■ Work instructions
Give back the full listing as written. No pictures go with it.

■ Data

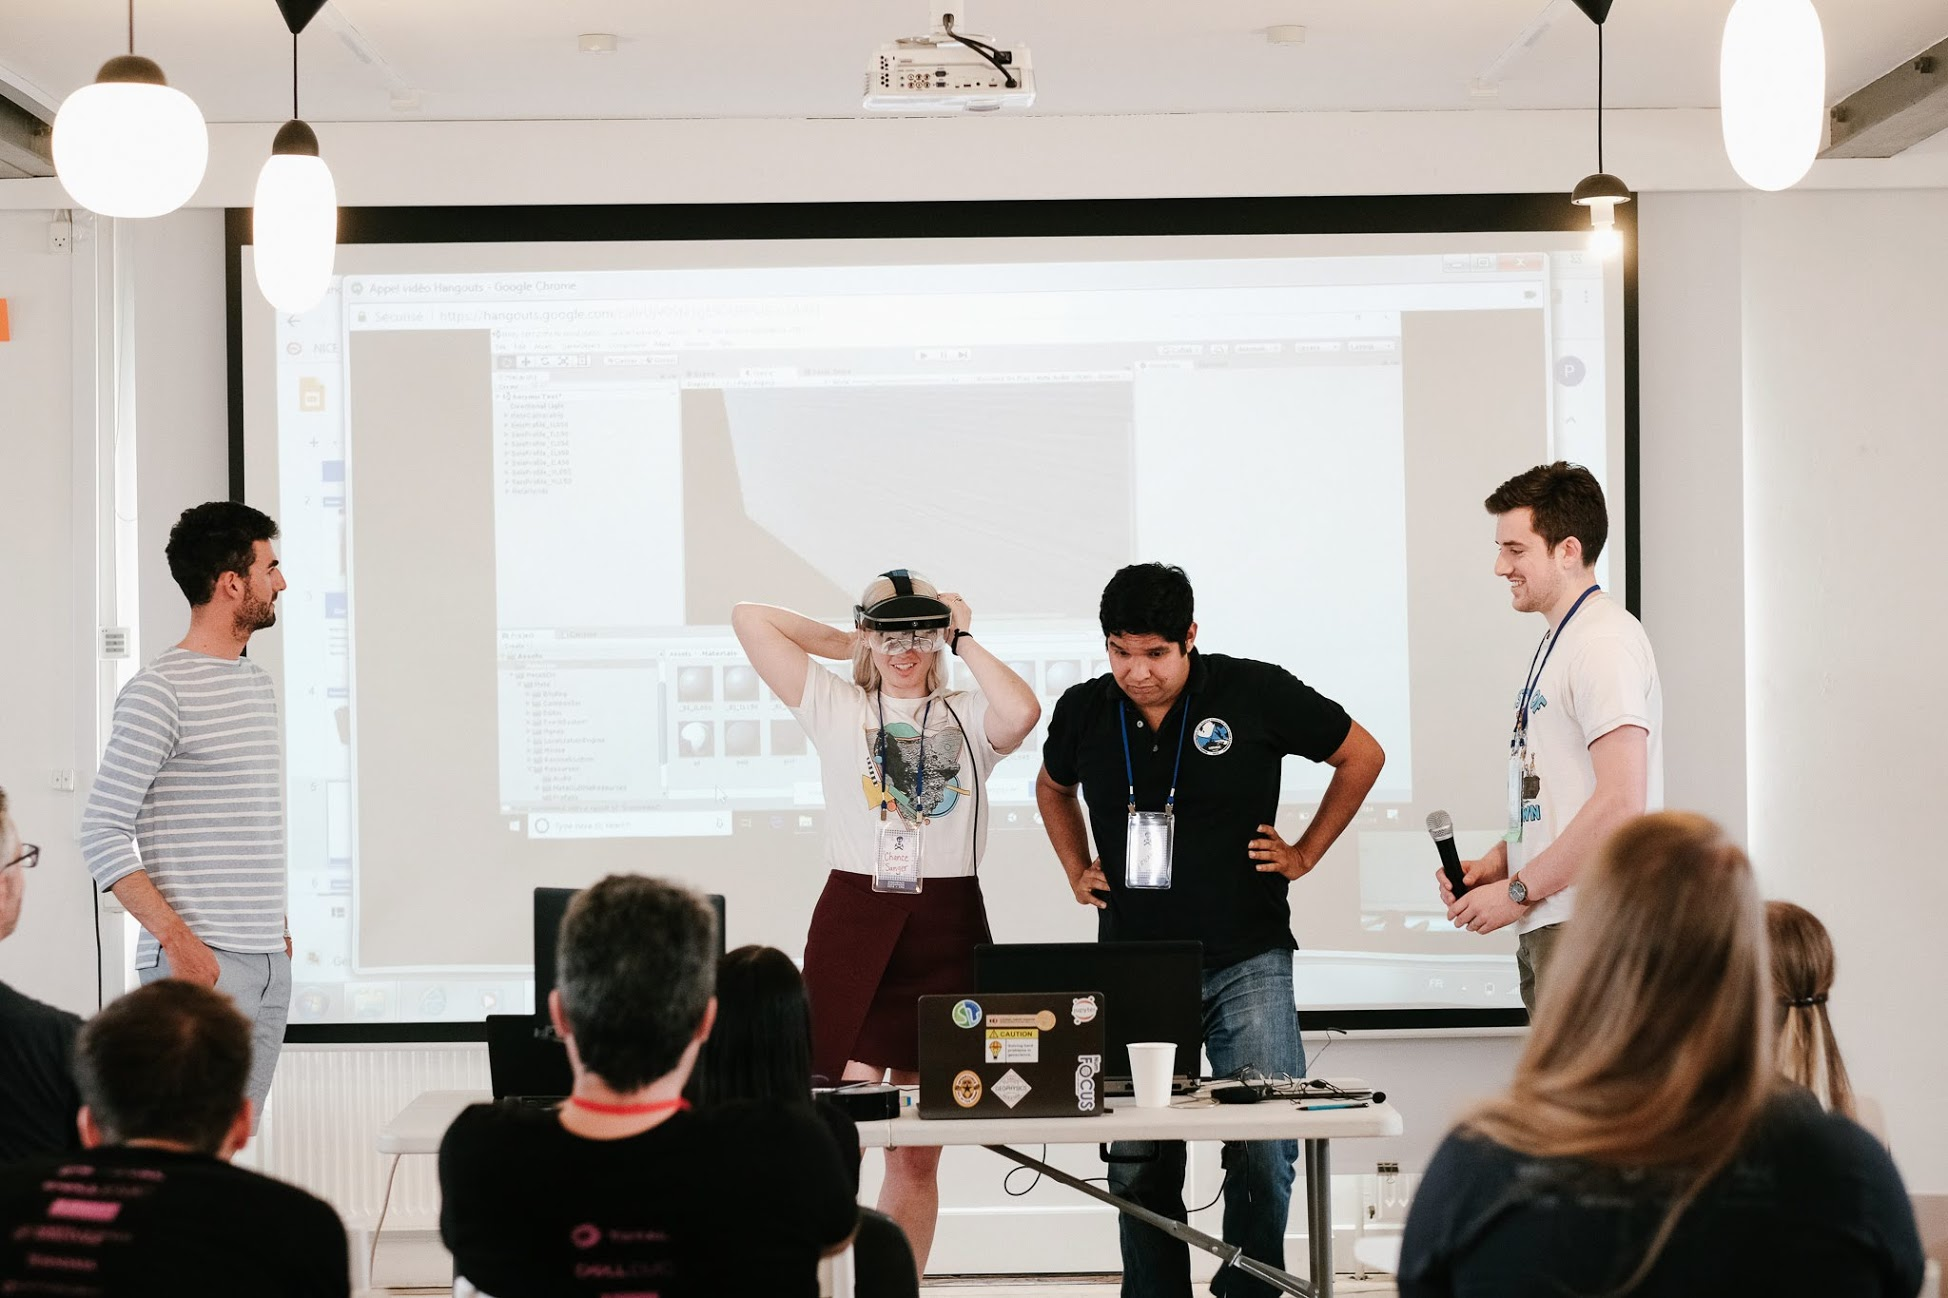 The team demonstrate the Meta AR headset.
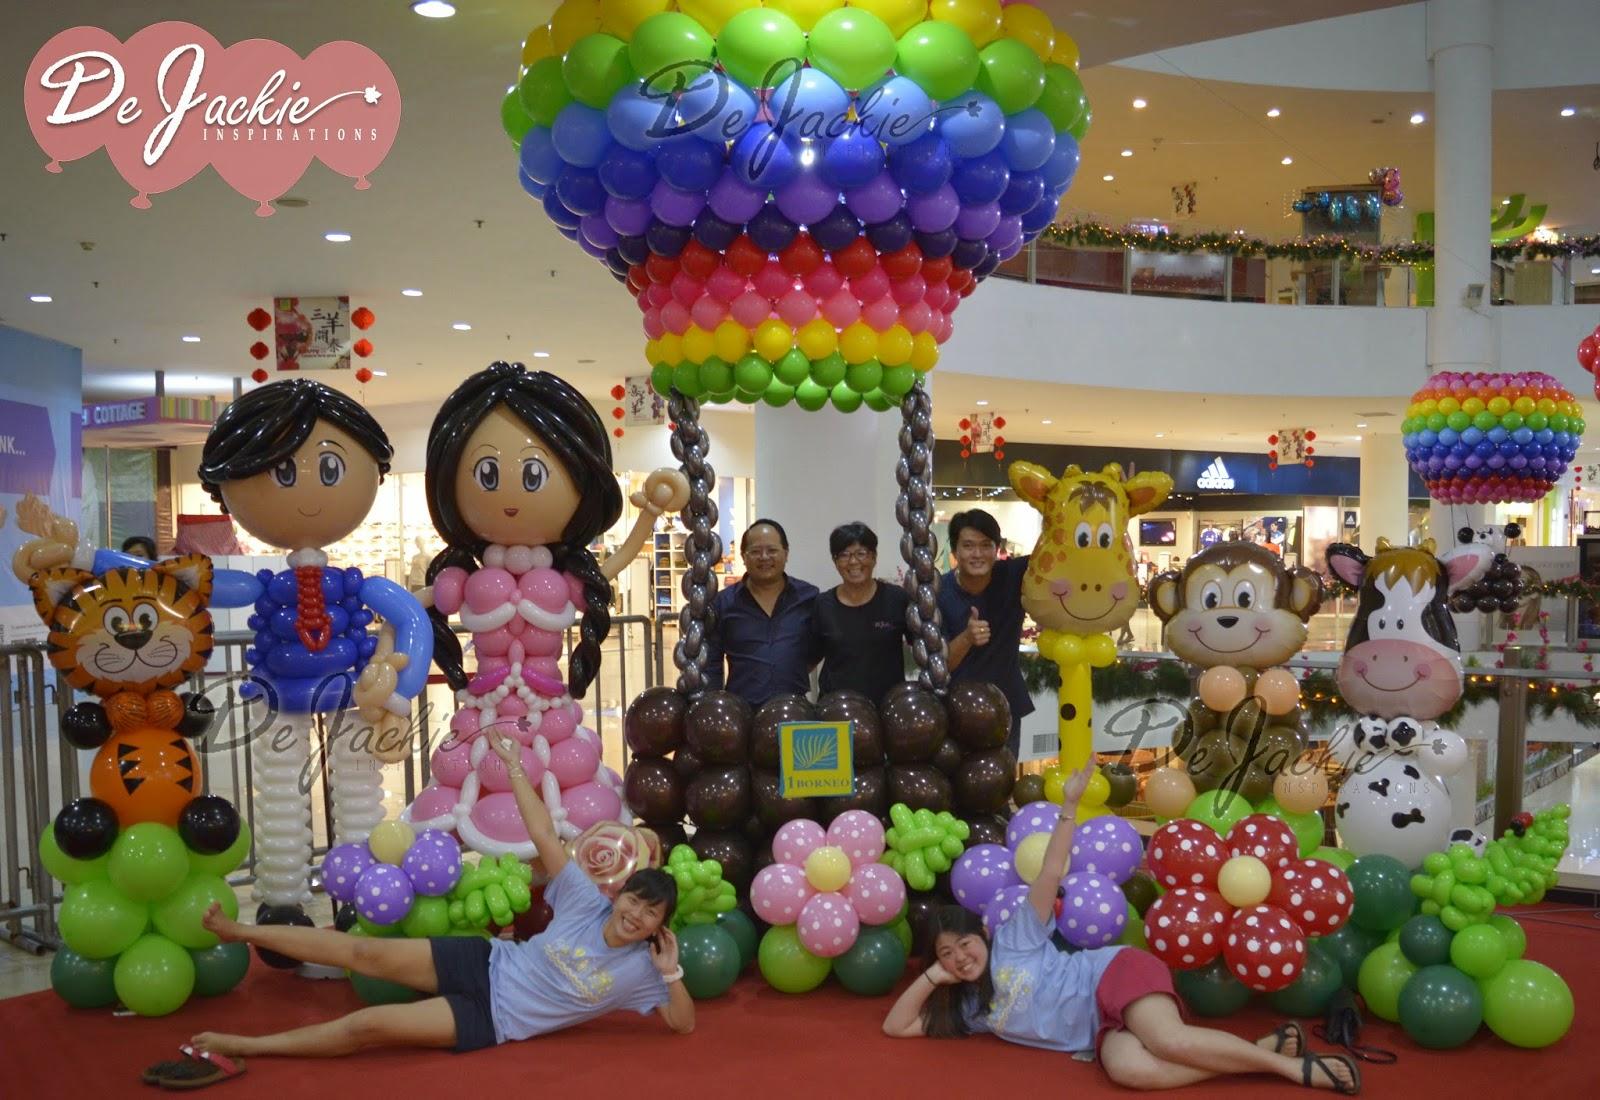 Balloon decorations for weddings birthday parties for Balloon decoration companies
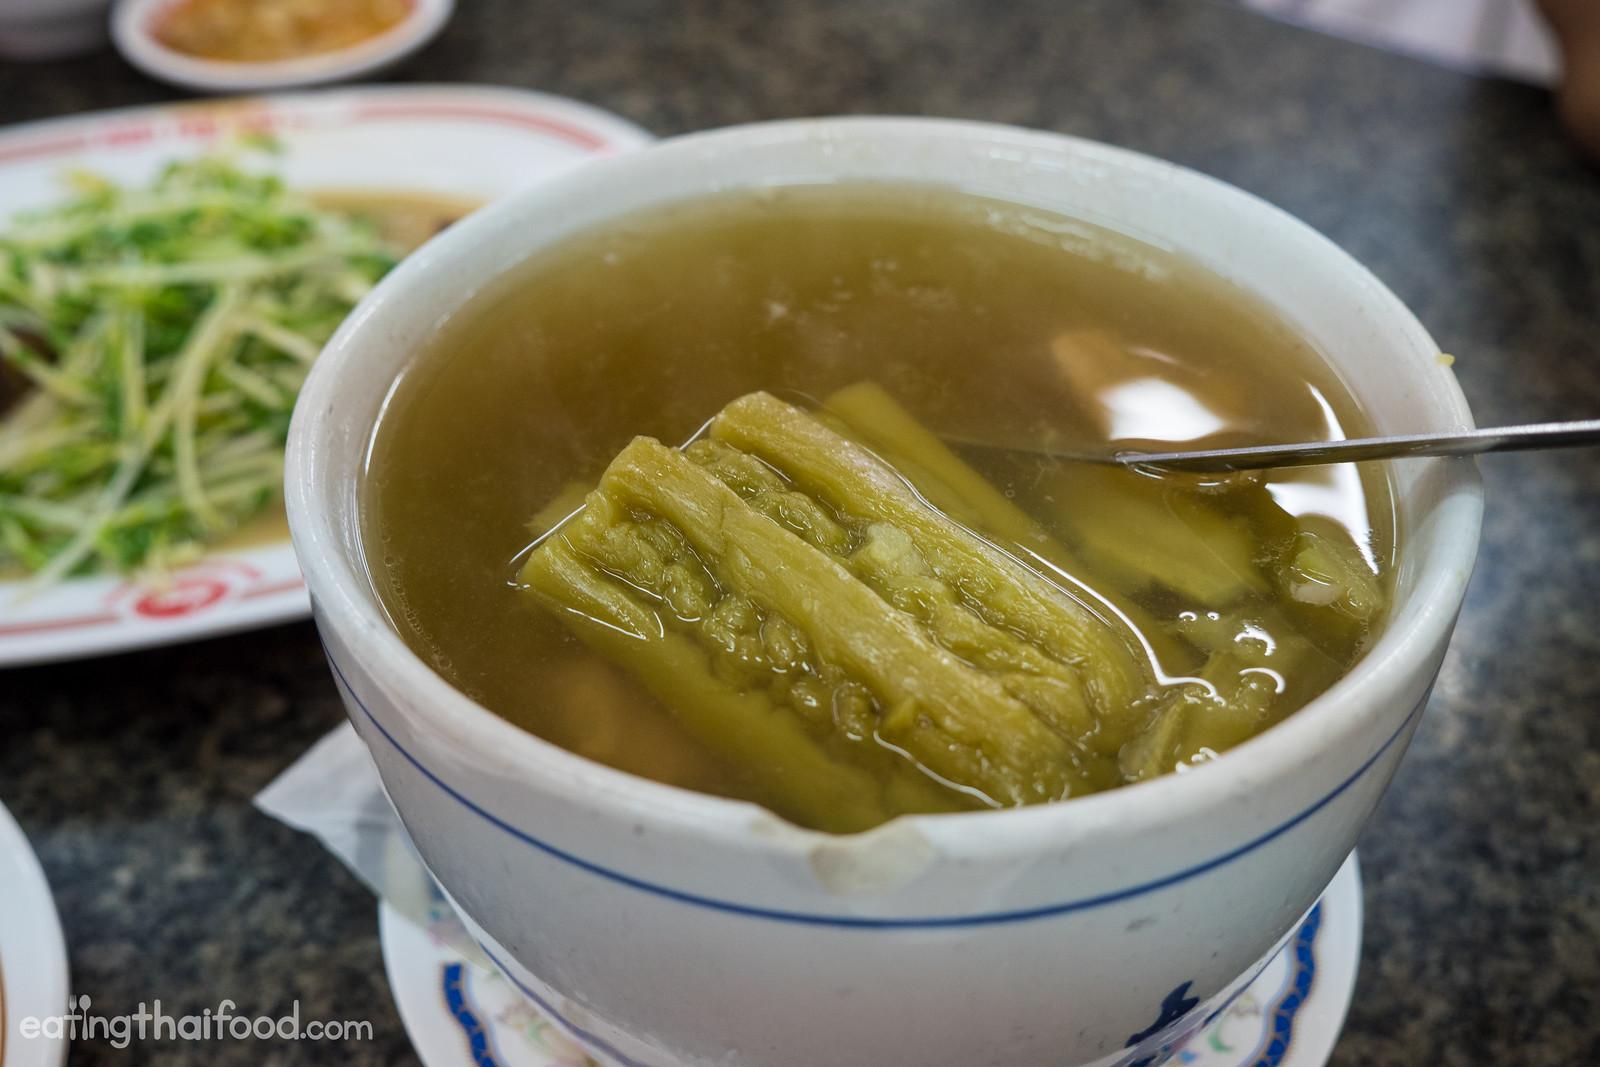 Bitter melon soup (น้ำแกงมะระตุ๋น)

■ Result of this task
 The team demonstrate the Meta AR headset.
 Balloon decorations for weddings birthday parties for Balloon decoration companies
 Bitter melon soup (น้ำแกงมะระตุ๋น)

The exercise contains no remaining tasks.